## Exercise objective
When you repeat the material, keep each line exact and omit the pictures.

## Raw data
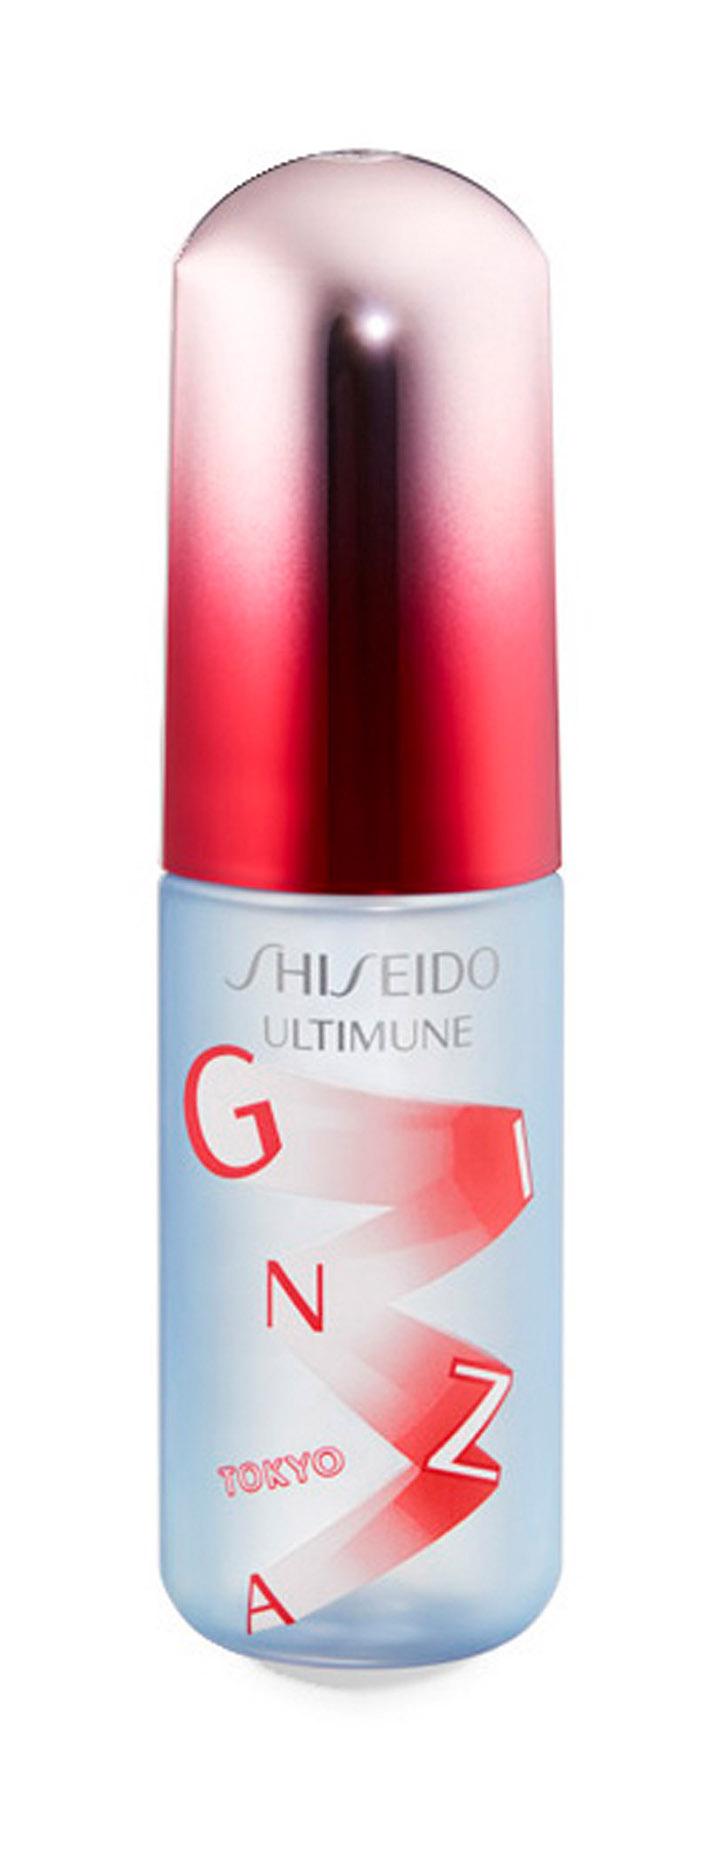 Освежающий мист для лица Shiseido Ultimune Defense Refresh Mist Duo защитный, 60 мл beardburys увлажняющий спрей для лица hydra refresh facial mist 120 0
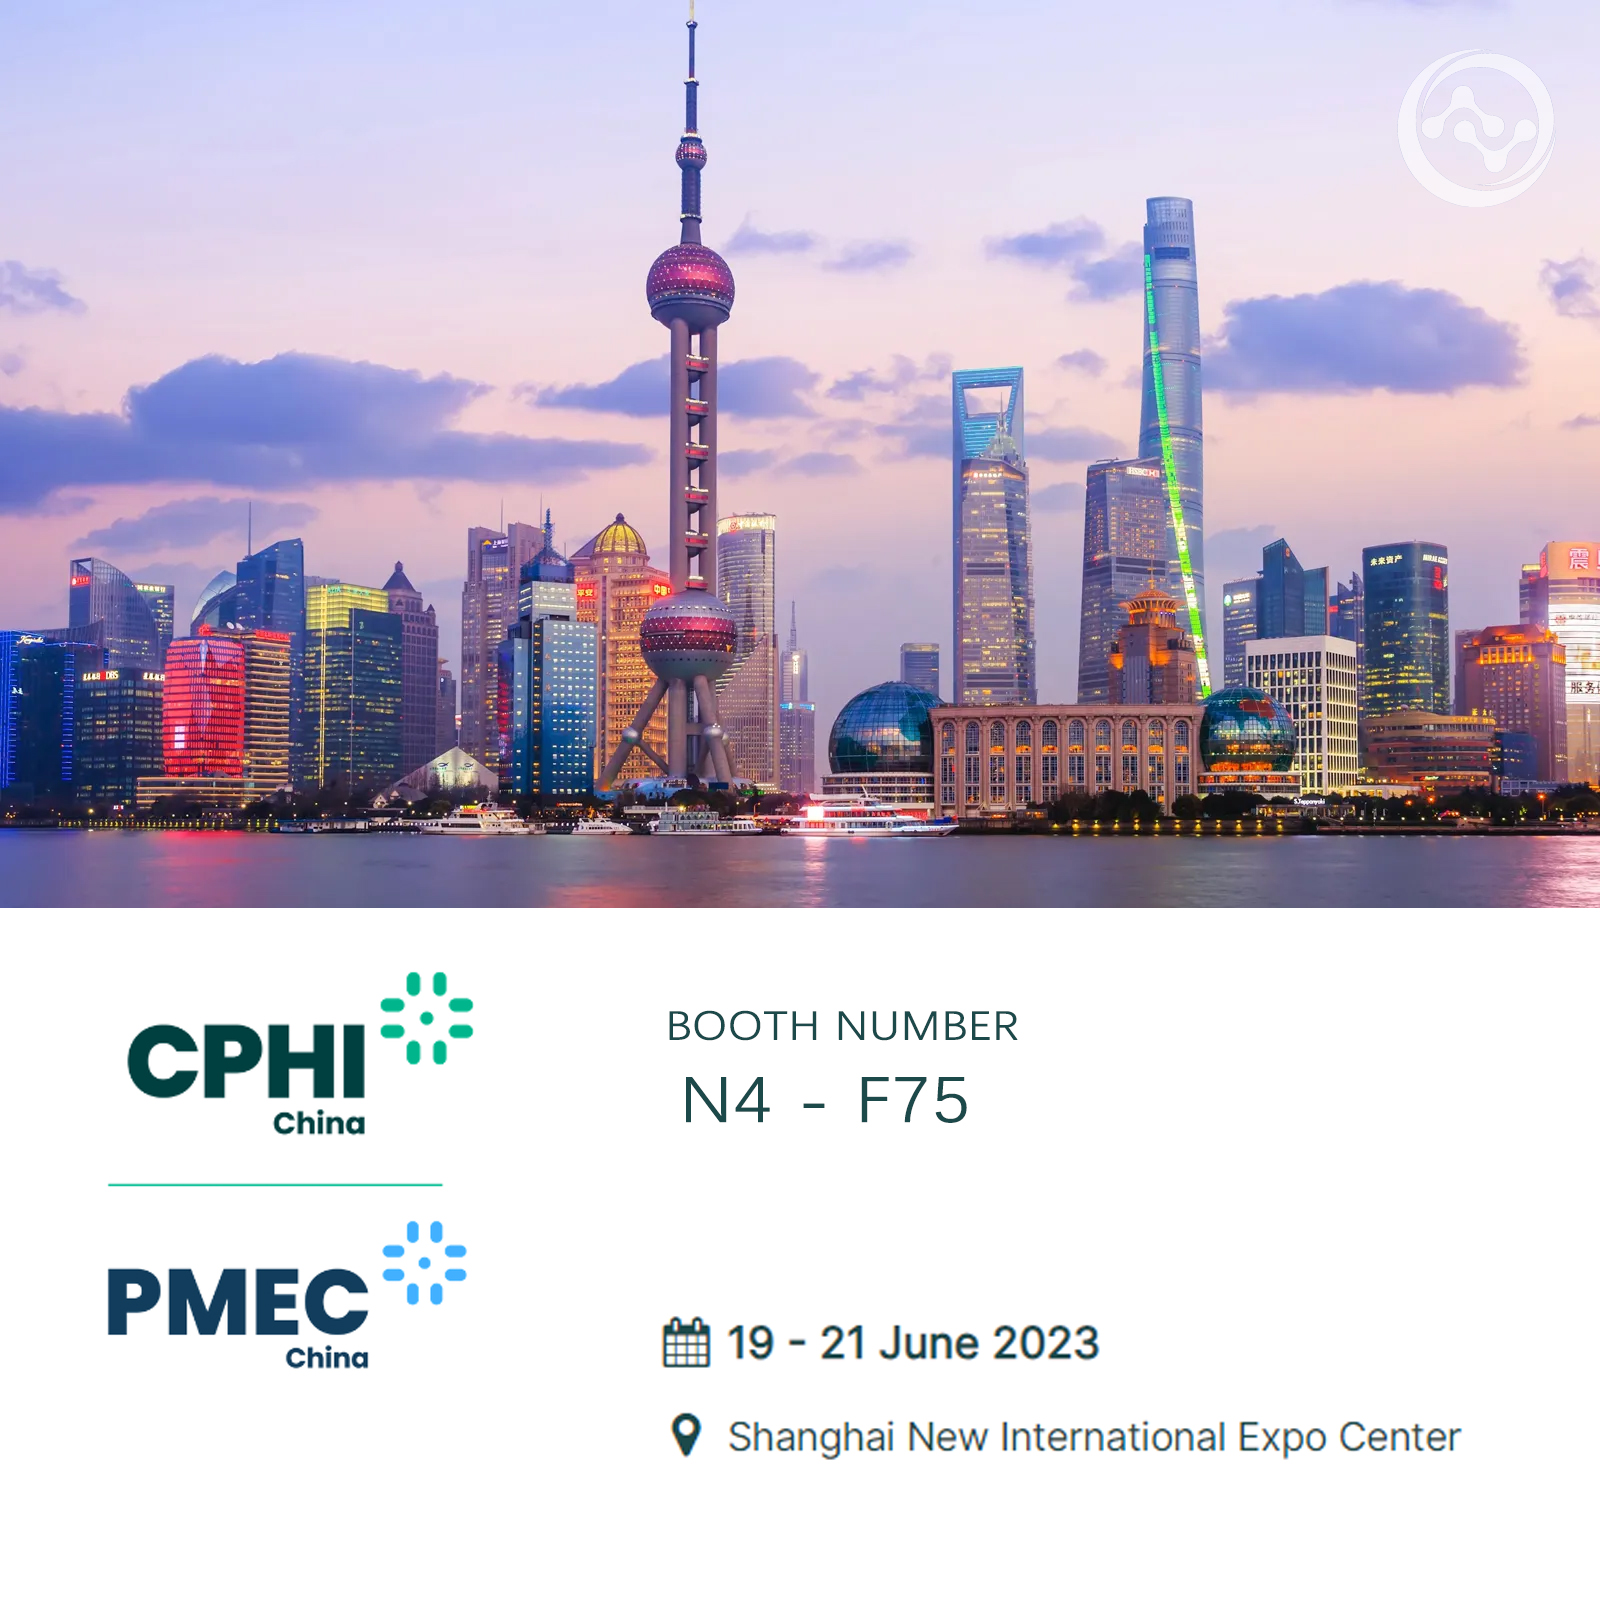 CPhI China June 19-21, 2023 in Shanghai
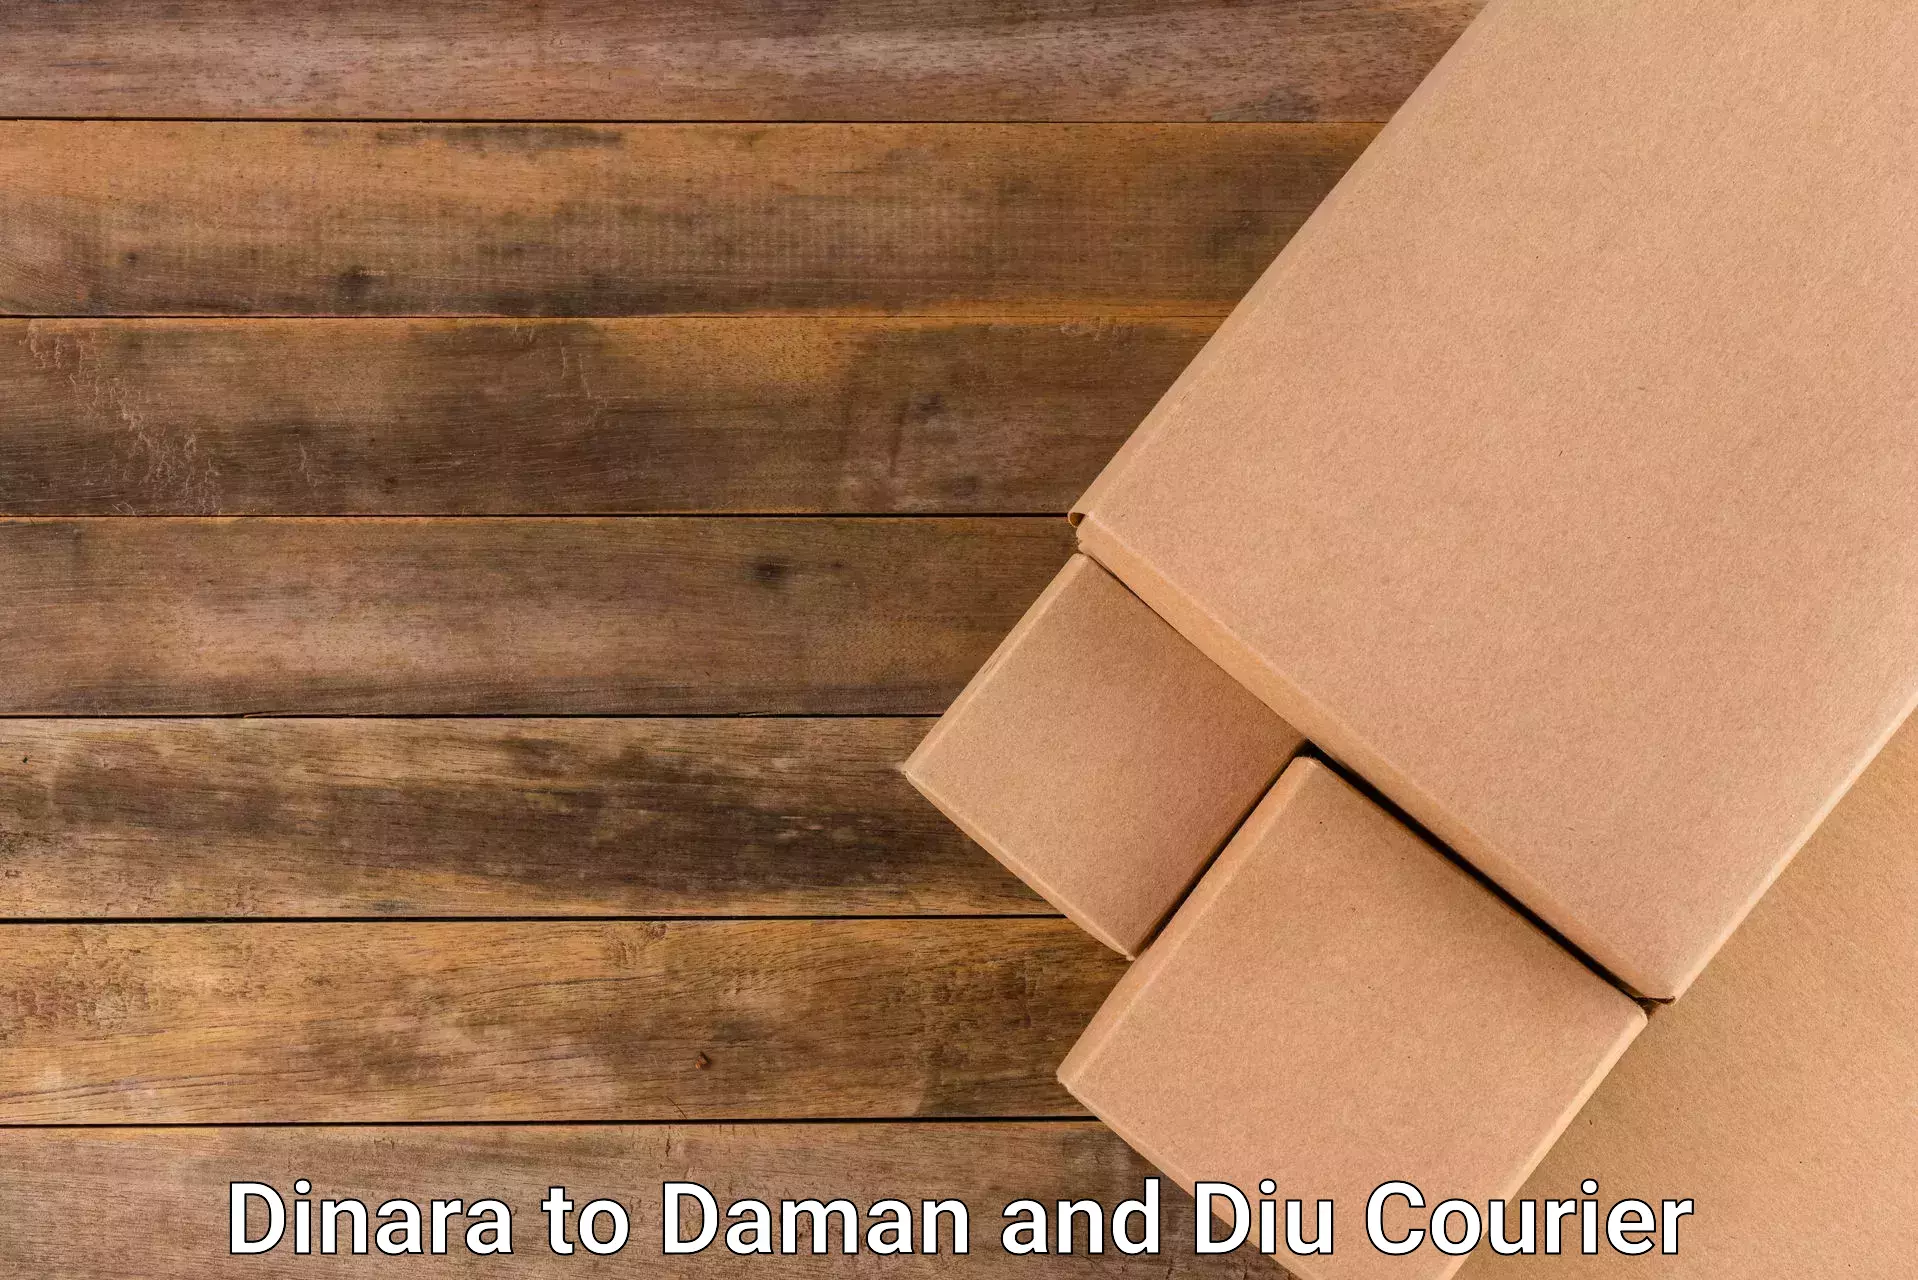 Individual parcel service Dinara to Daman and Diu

## Answer space
 Освежающий мист для лица Shiseido Ultimune Defense Refresh Mist Duo защитный, 60 мл beardburys увлажняющий спрей для лица hydra refresh facial mist 120 0
 CPhI China June 19-21, 2023 in Shanghai
 Individual parcel service Dinara to Daman and Diu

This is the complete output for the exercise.